WHAT NEEDS TO BE DONE – Give back exactly the lines that start at the one containing "Chronicles of Heavenly Demon169 01" and run to the end of the material, leaving out the pictures.

SUPPLIED INFORMATION –
+ + + +

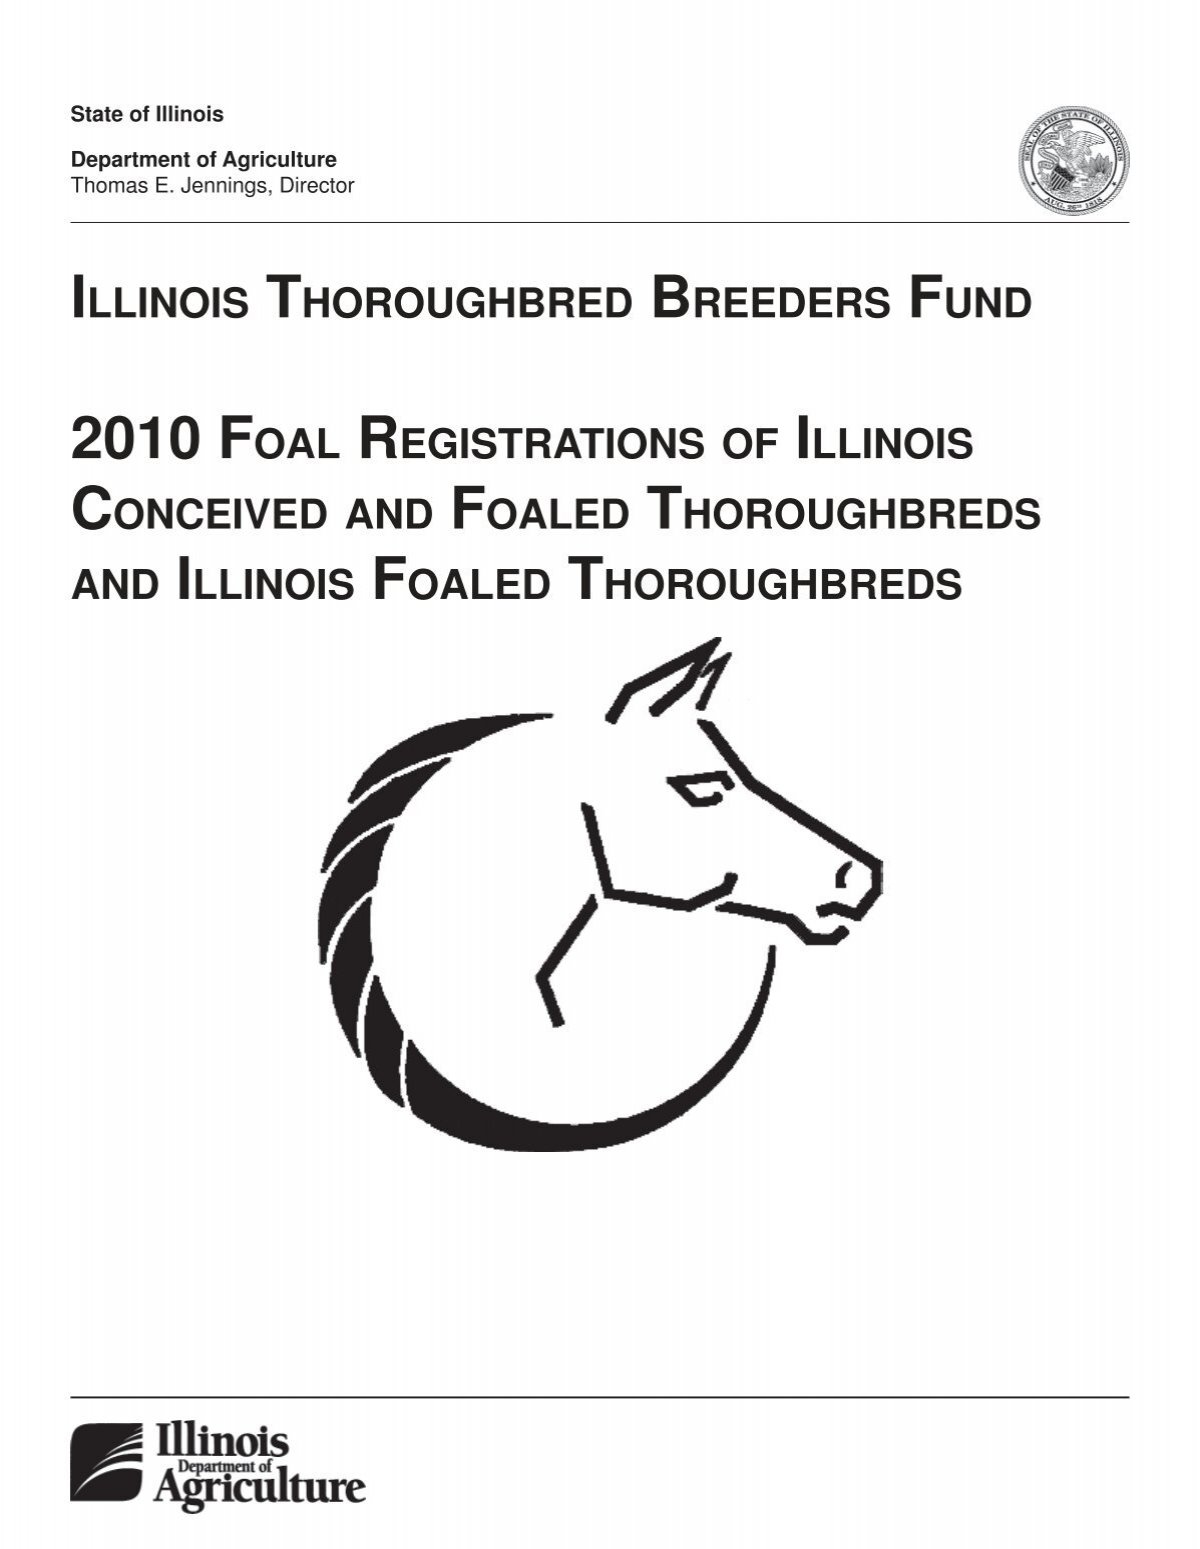 Illinois Thoroughbred Breeders Fund Program Registration Recap
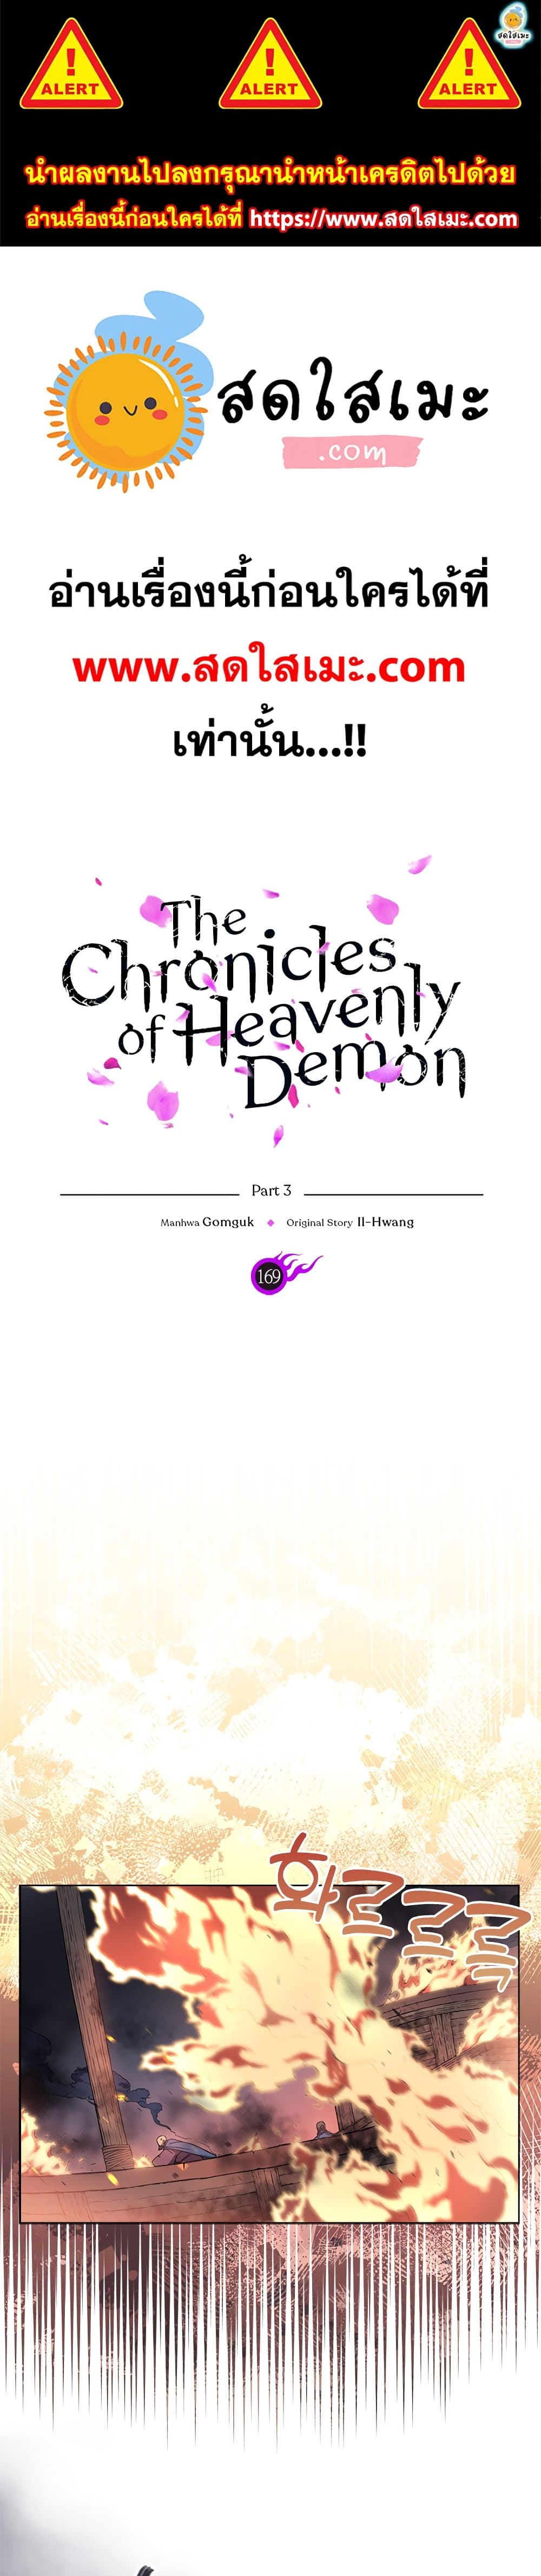 Chronicles of Heavenly Demon169 01
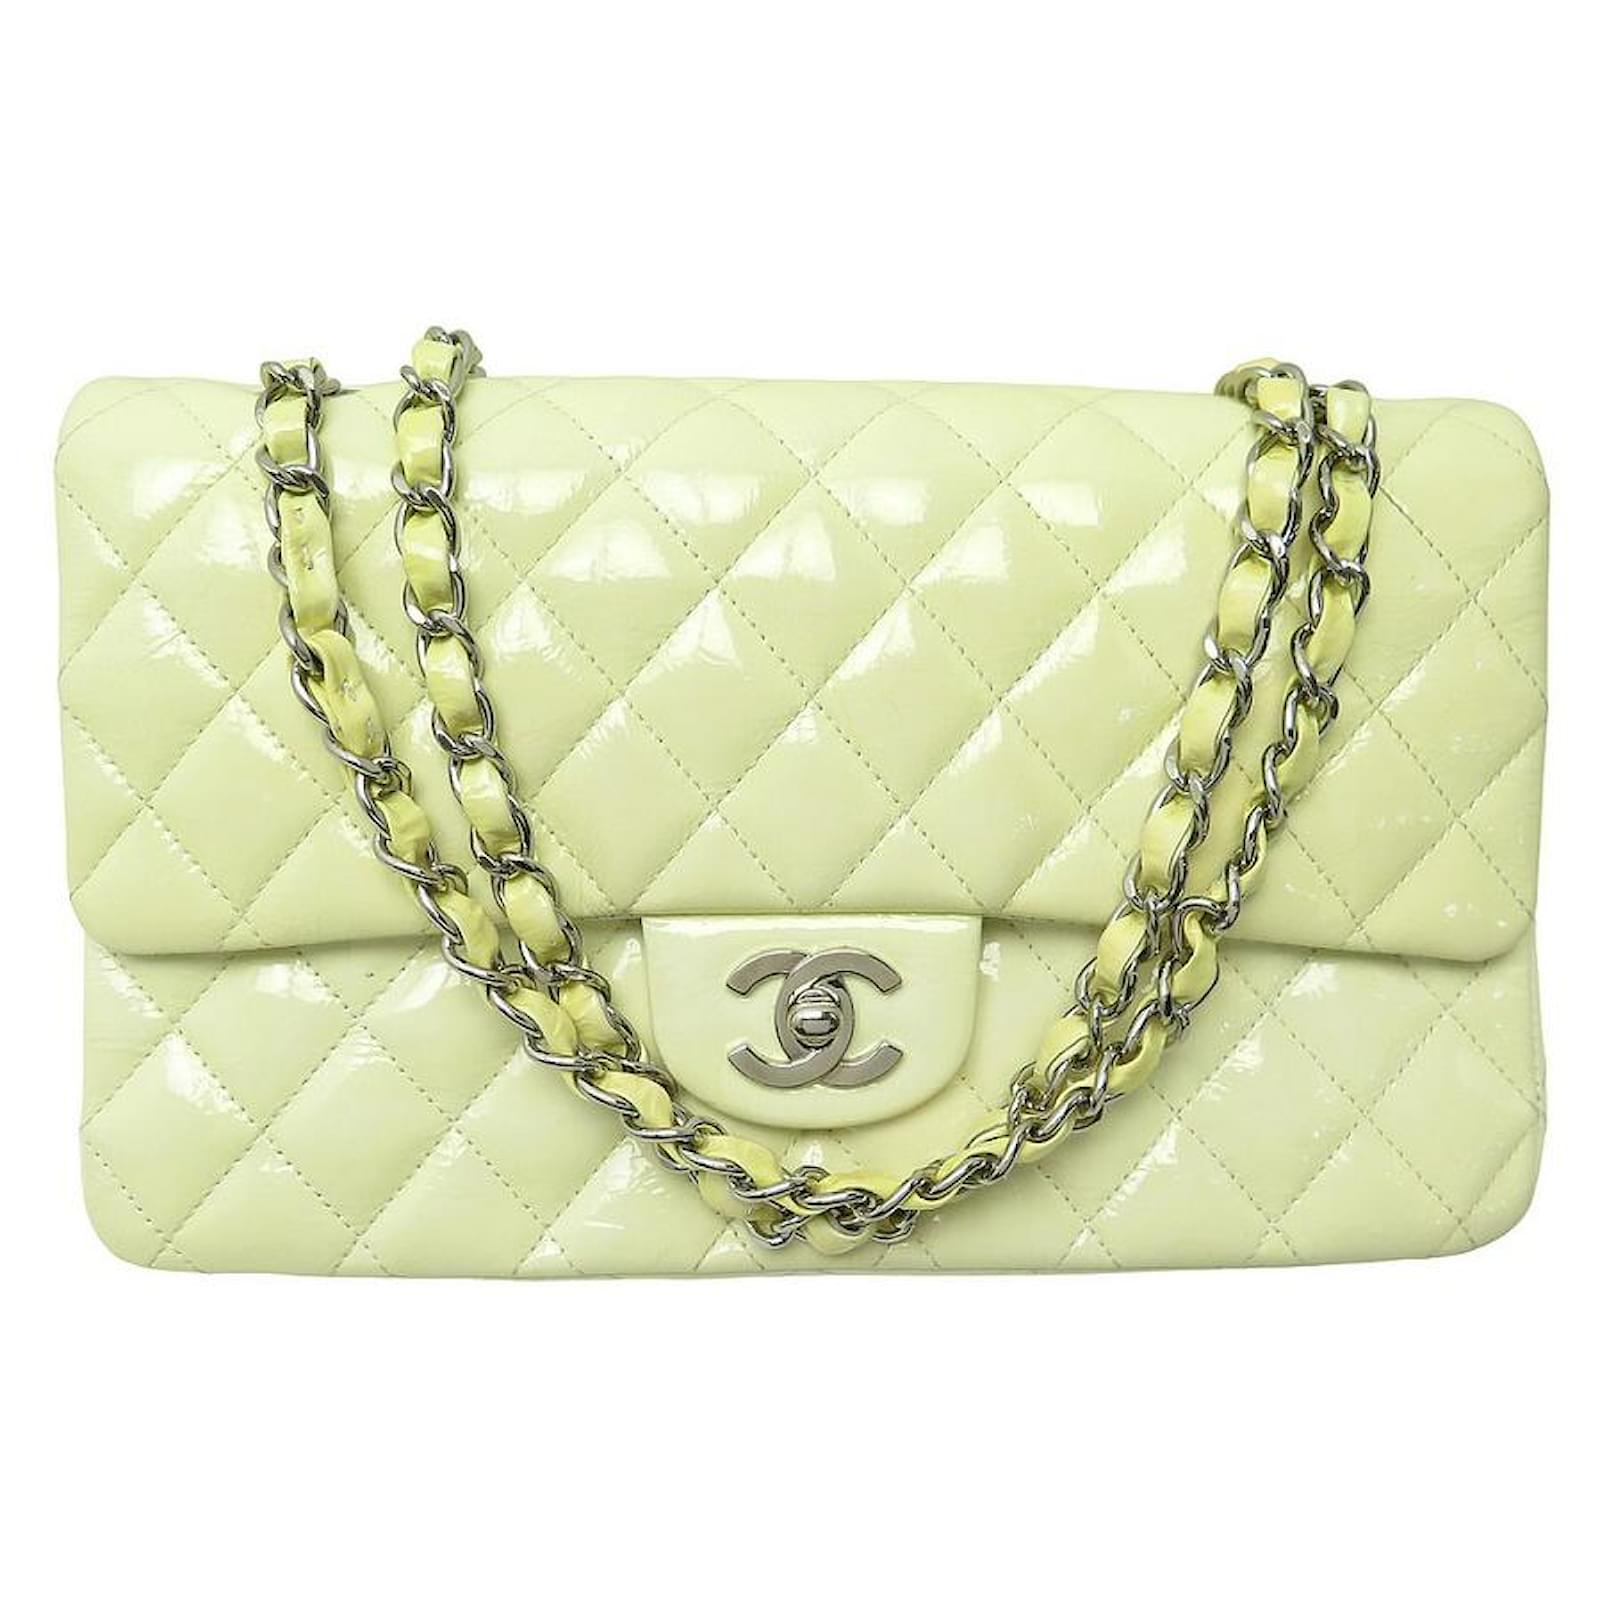 Pale green rectangular mock croc purse

+ + + +

EXERCISE ANSWER –
 Chronicles of Heavenly Demon169 01
 Pale green rectangular mock croc purse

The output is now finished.